Within the listing below, give again exactly the lines between the one containing "ヨーク タウン の 戦い" and the one containing "Echipamente pentru protectia capului", inclusive, pictures left aside.

__Data for the task__.
▼
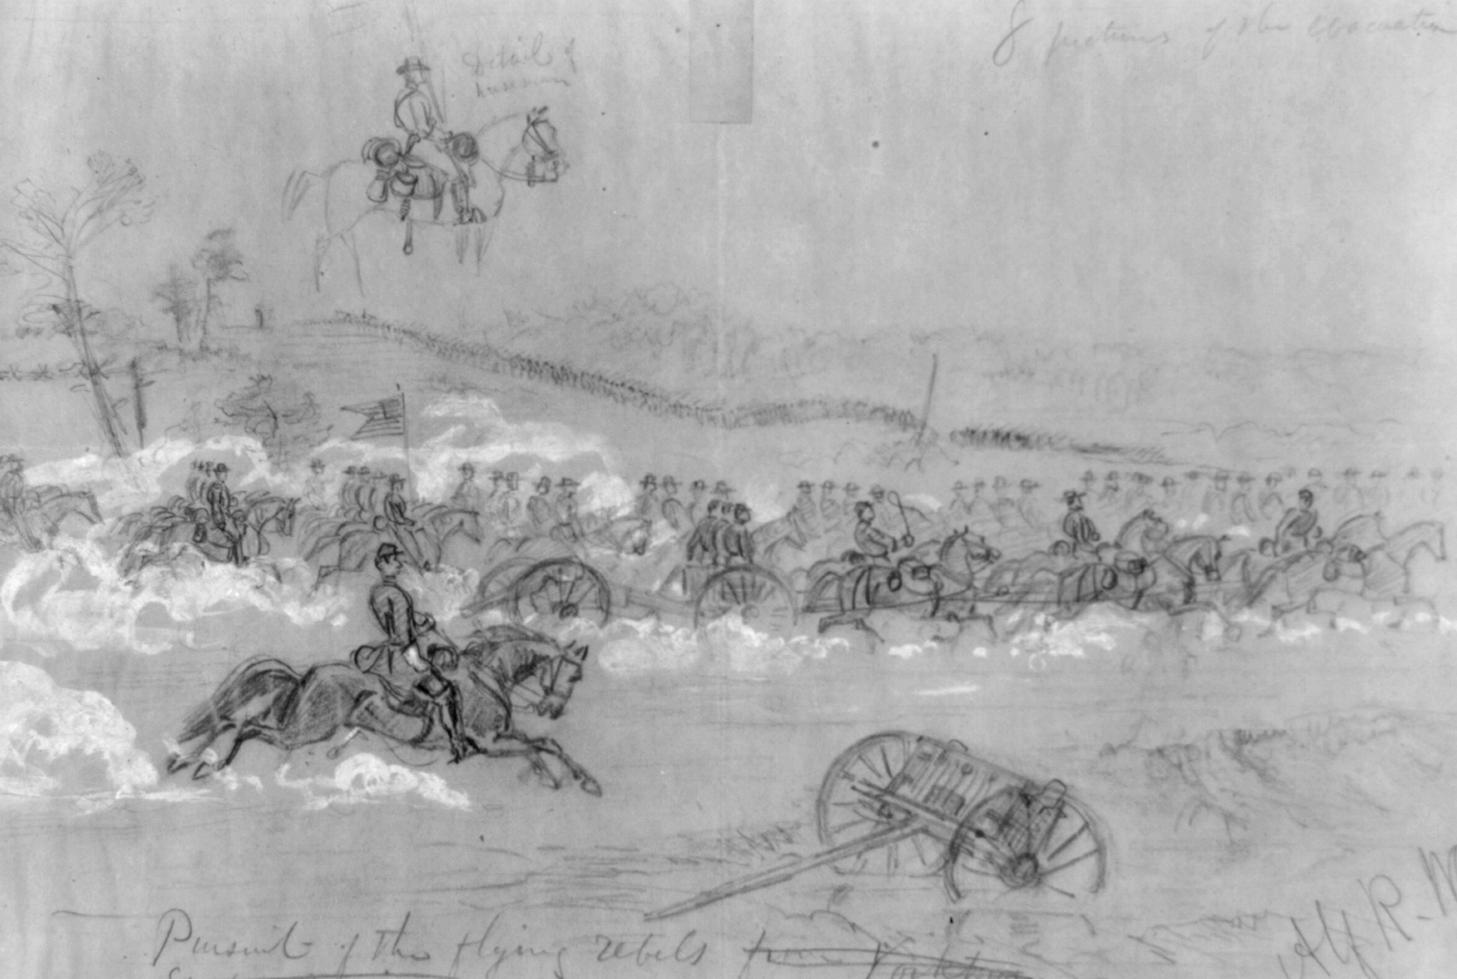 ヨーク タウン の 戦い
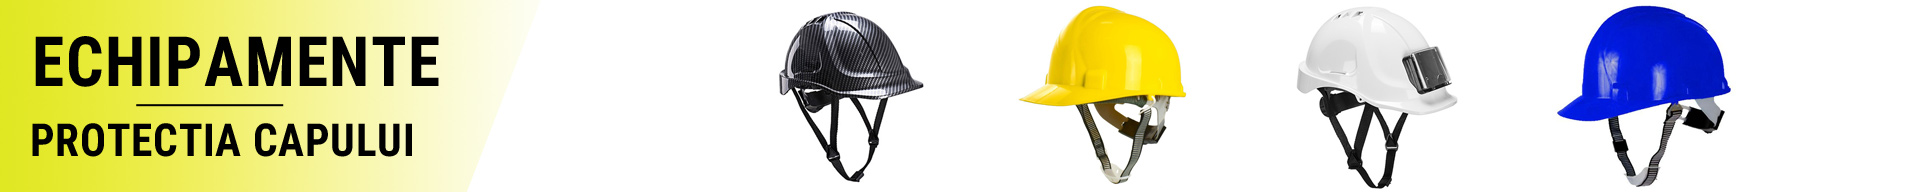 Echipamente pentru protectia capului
▲
▼
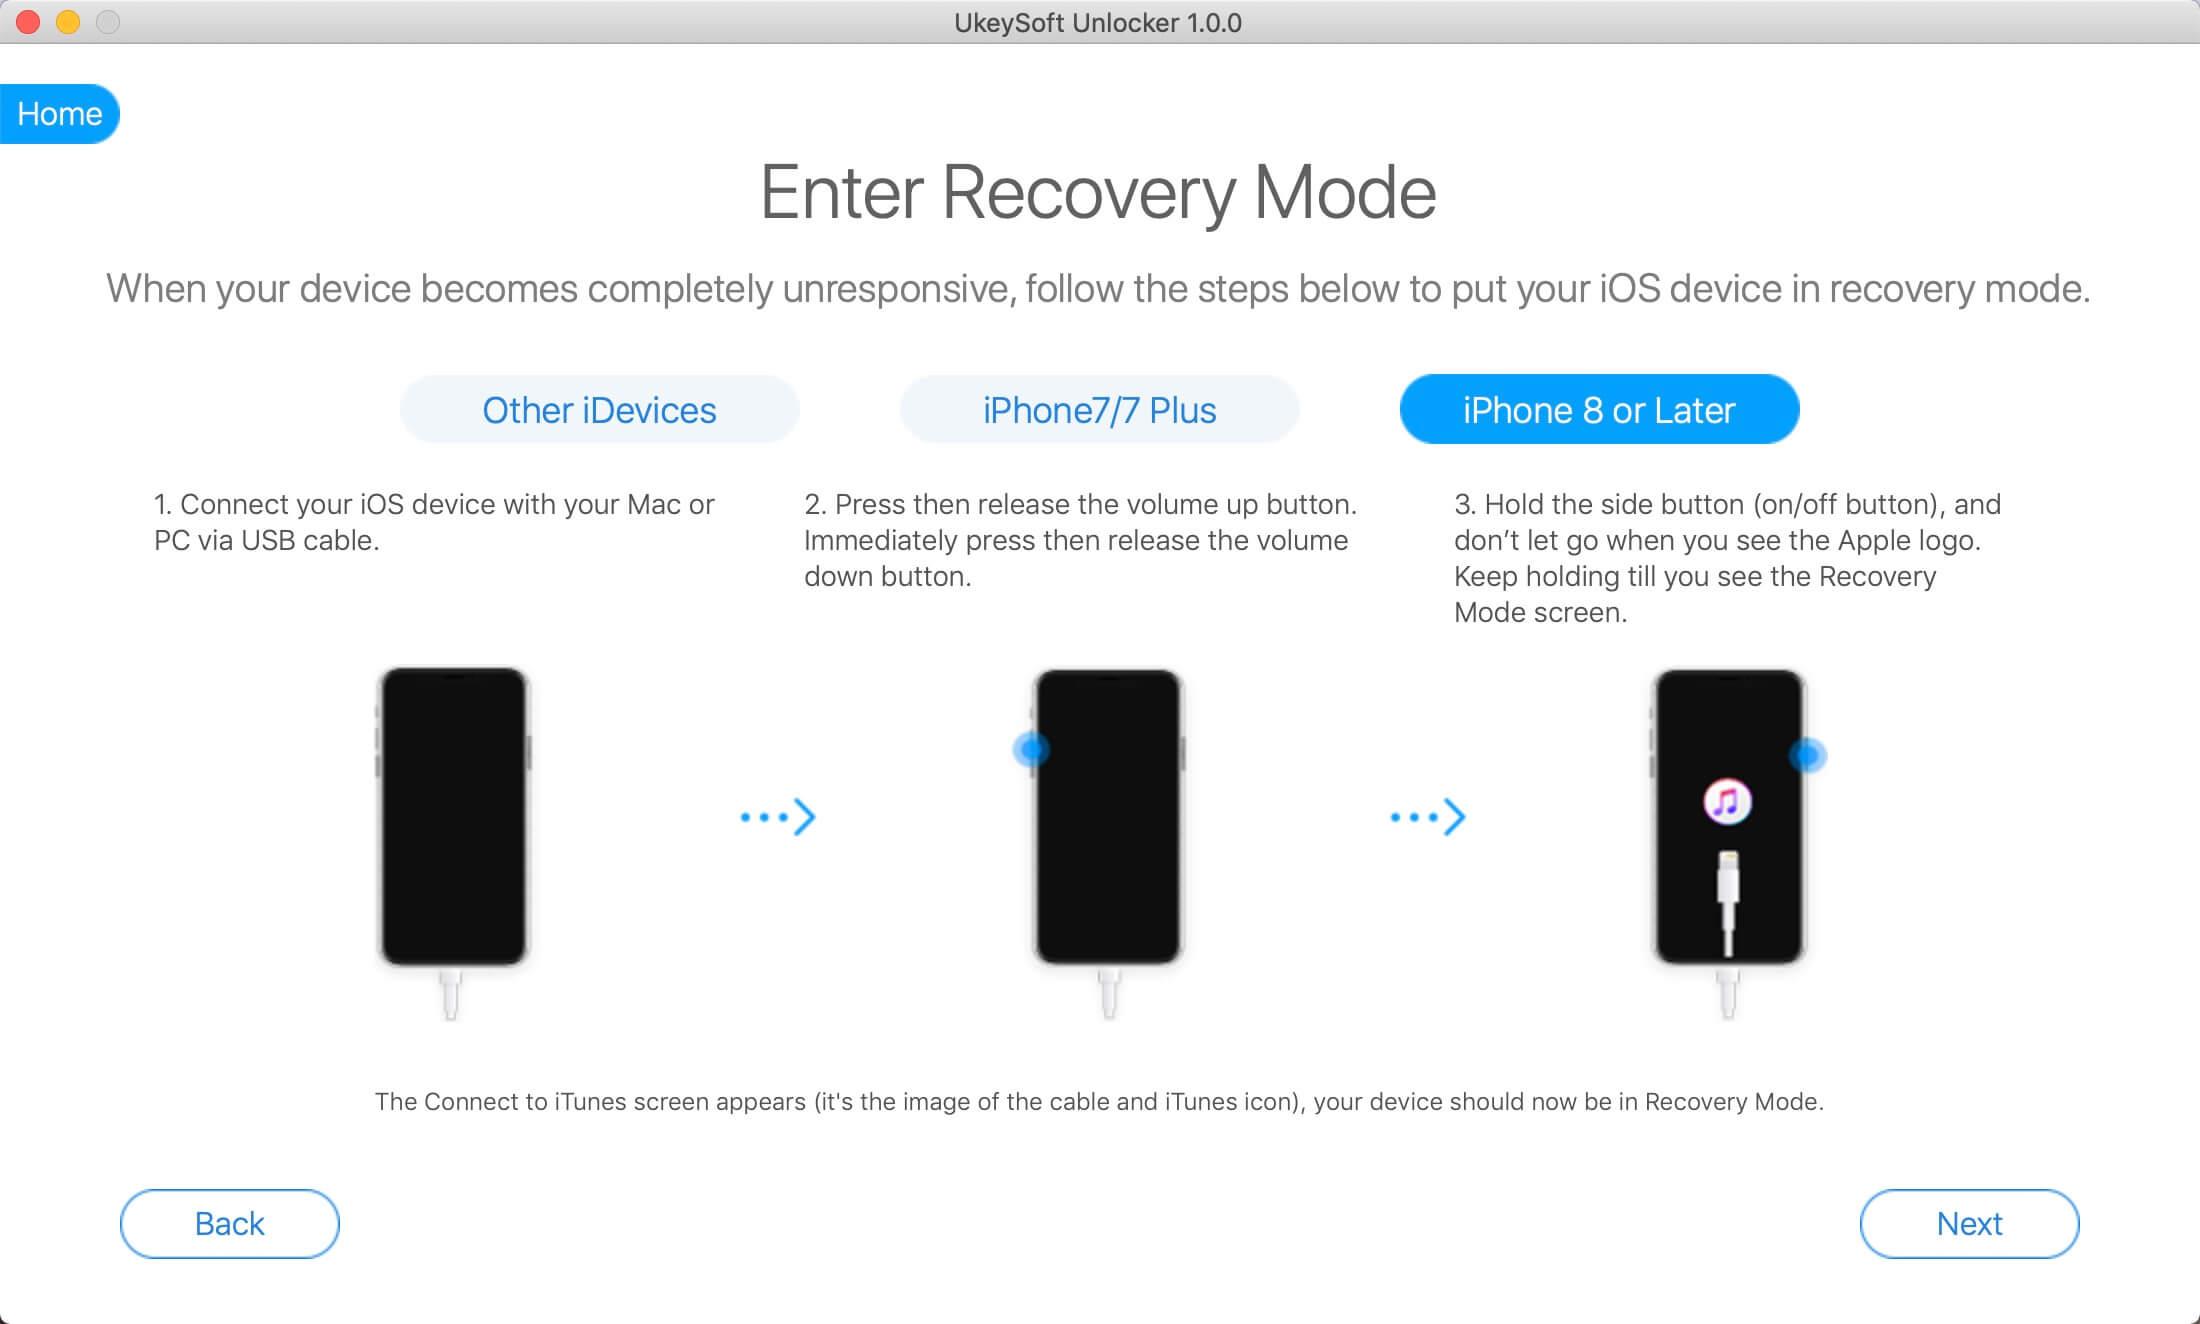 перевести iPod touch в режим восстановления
▲
▼
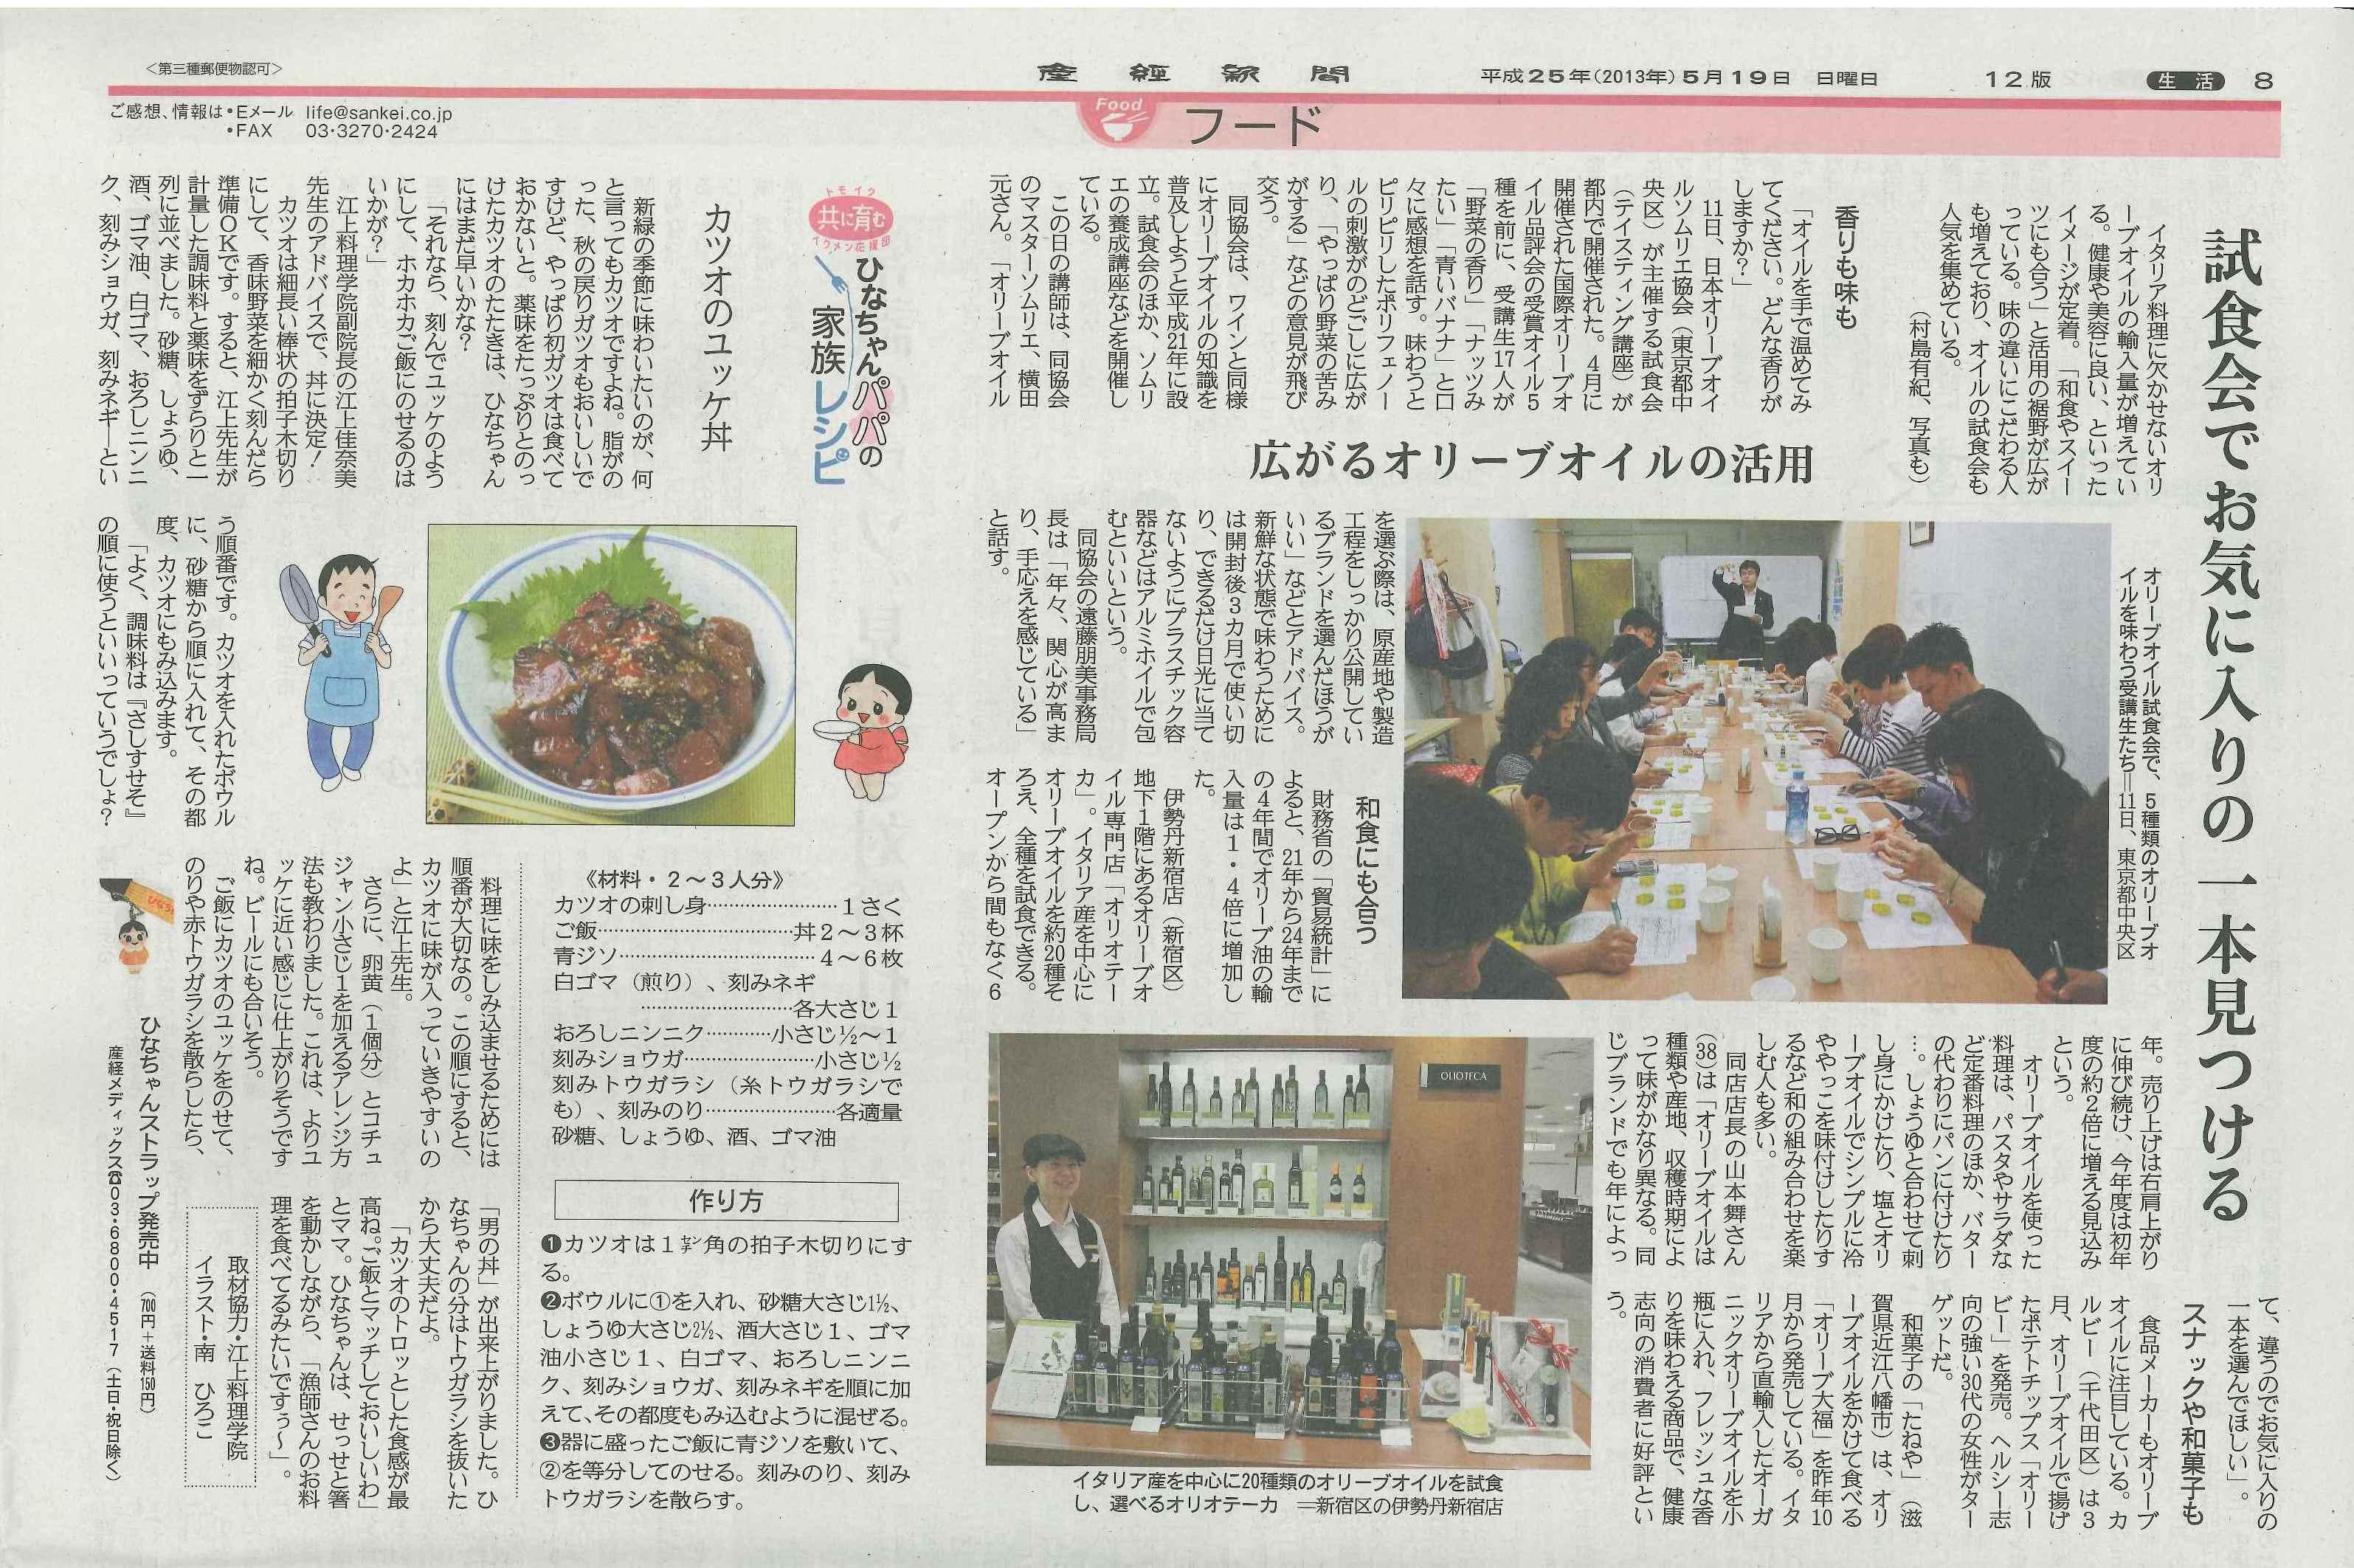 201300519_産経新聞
▲
__Your response__.
 ヨーク タウン の 戦い
 Echipamente pentru protectia capului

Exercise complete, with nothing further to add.